* _Task to complete_:
Word for word, copy the entire listing below, but do not carry over any pictures.

* _Input data_:
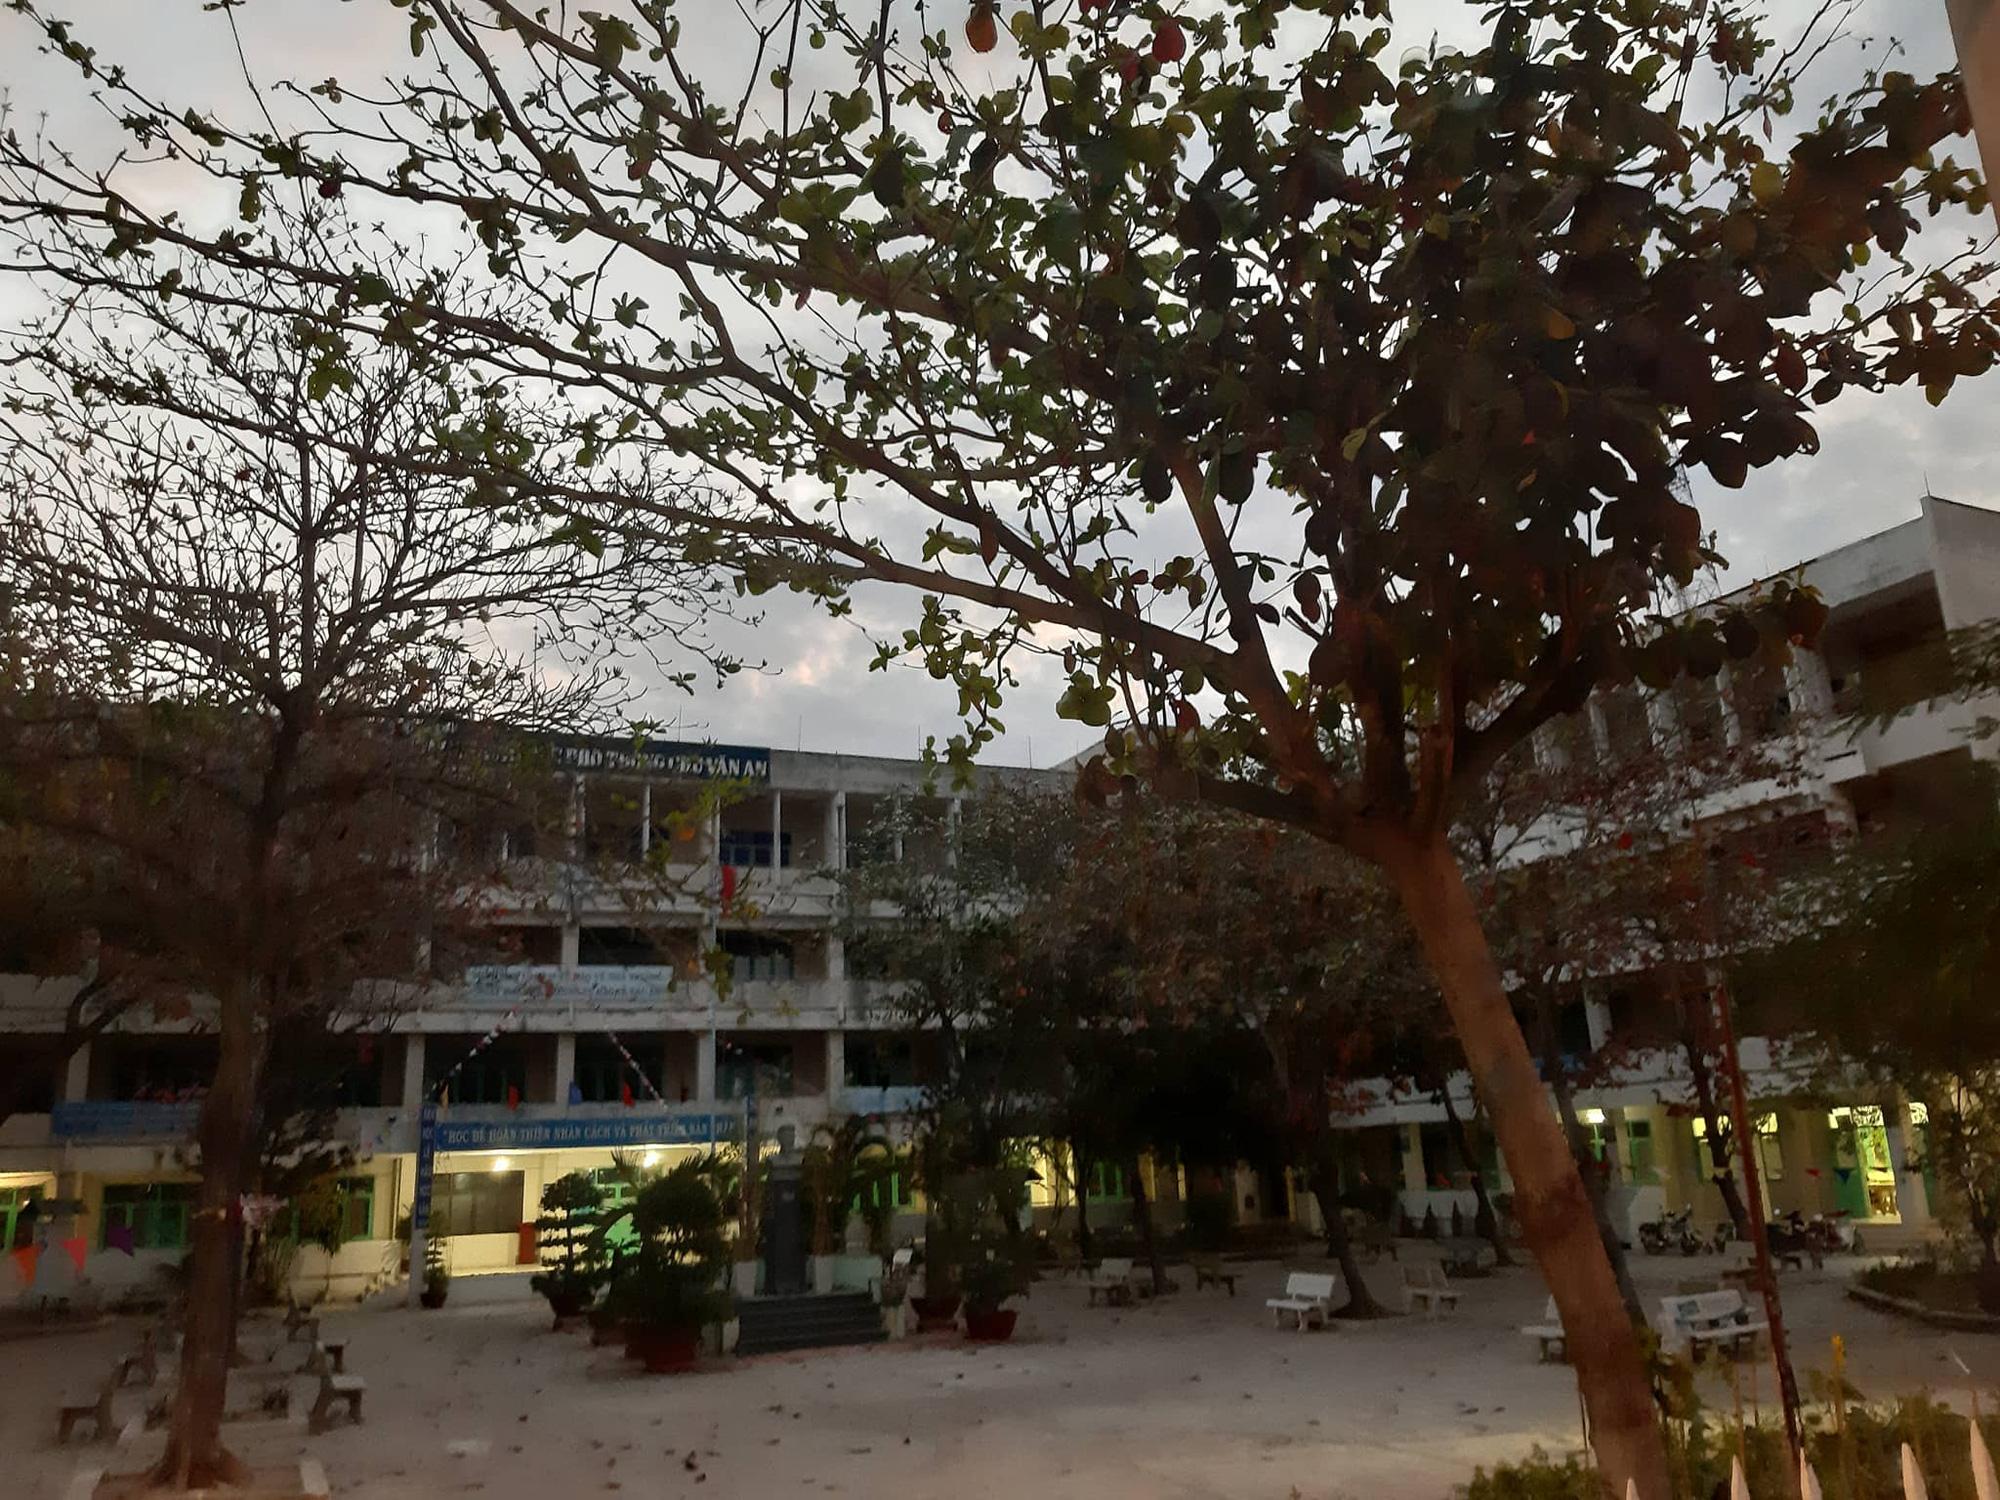 Ninh Thuận: Xác định được danh tính và bức thư tuyệt mệnh của người phụ nữ nhảy lầu trong trường học - Ảnh 1.
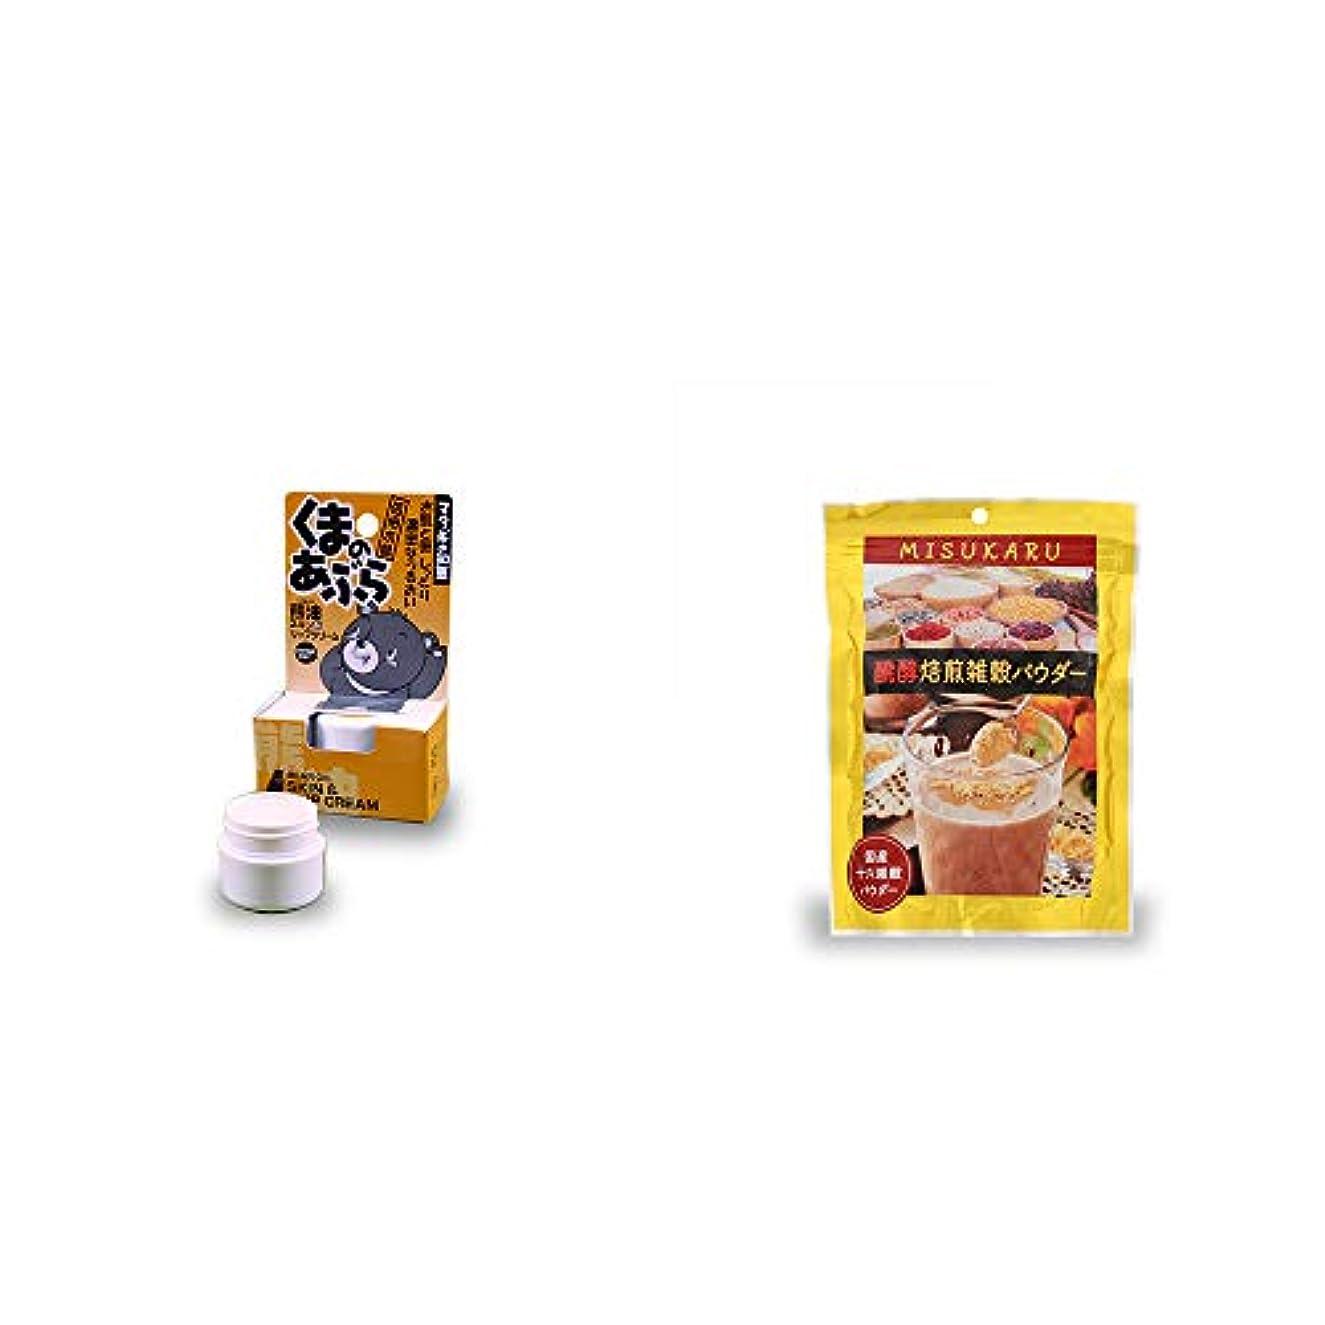 ネーピアアラバマ一時解雇する[2点セット] 信州木曽 くまのあぶら 熊油スキン&リップクリーム(9g)?醗酵焙煎雑穀パウダー MISUKARU(ミスカル)(200g)
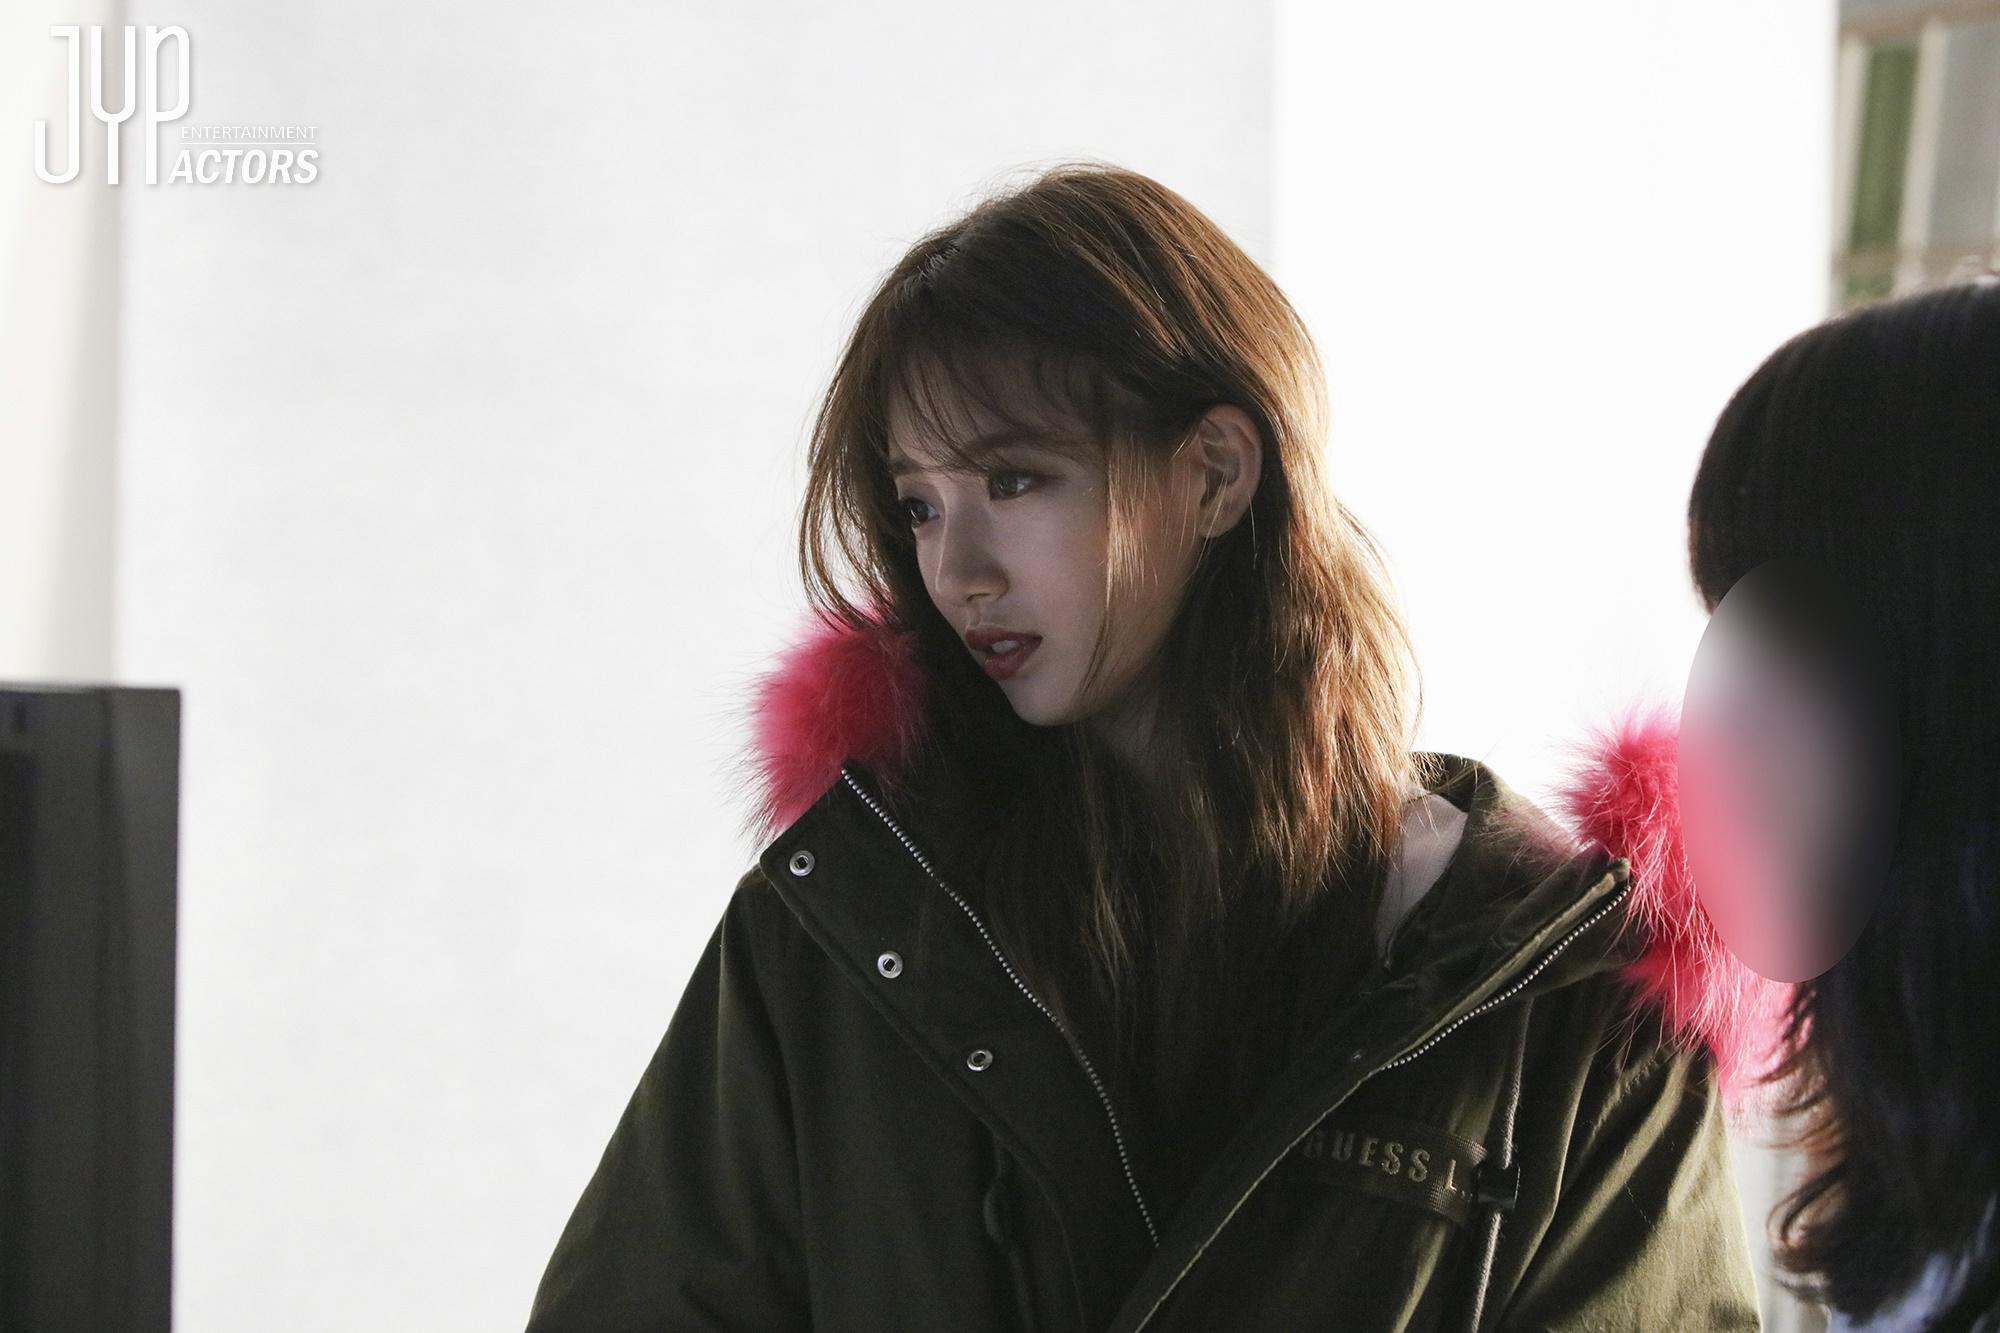 Suzy đẹp rạng ngời, lấp ló vòng một nảy nở trong loạt hình hậu trường chụp tạp chí
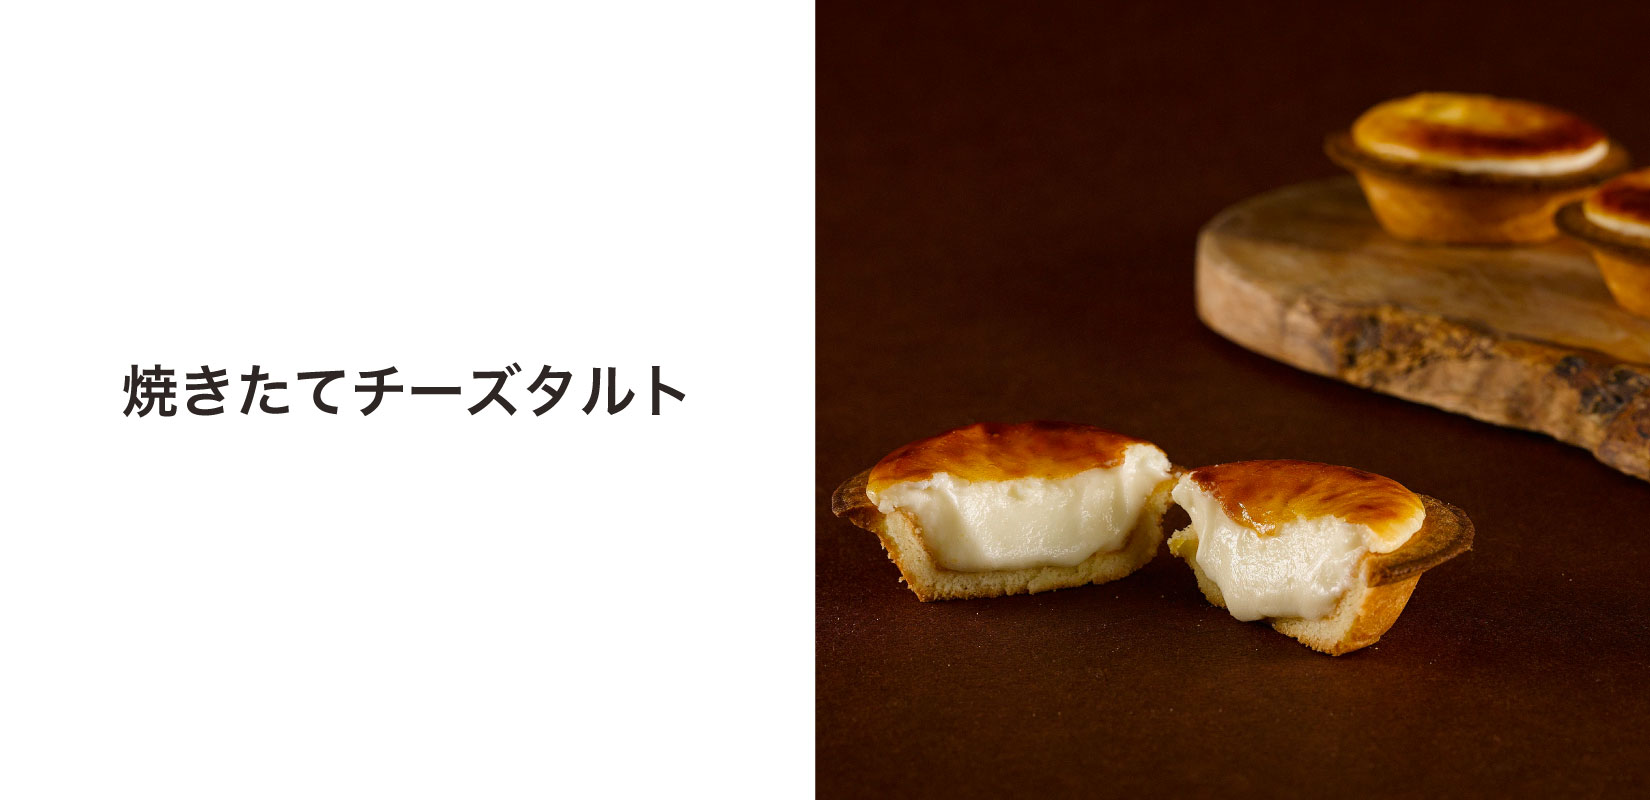 【おうちで美味しく】焼きたてチーズタルト

* _Task solution_:
 Ninh Thuận: Xác định được danh tính và bức thư tuyệt mệnh của người phụ nữ nhảy lầu trong trường học - Ảnh 1.
 ネーピアアラバマ一時解雇する[2点セット] 信州木曽 くまのあぶら 熊油スキン&リップクリーム(9g)?醗酵焙煎雑穀パウダー MISUKARU(ミスカル)(200g)
 Suzy đẹp rạng ngời, lấp ló vòng một nảy nở trong loạt hình hậu trường chụp tạp chí
 【おうちで美味しく】焼きたてチーズタルト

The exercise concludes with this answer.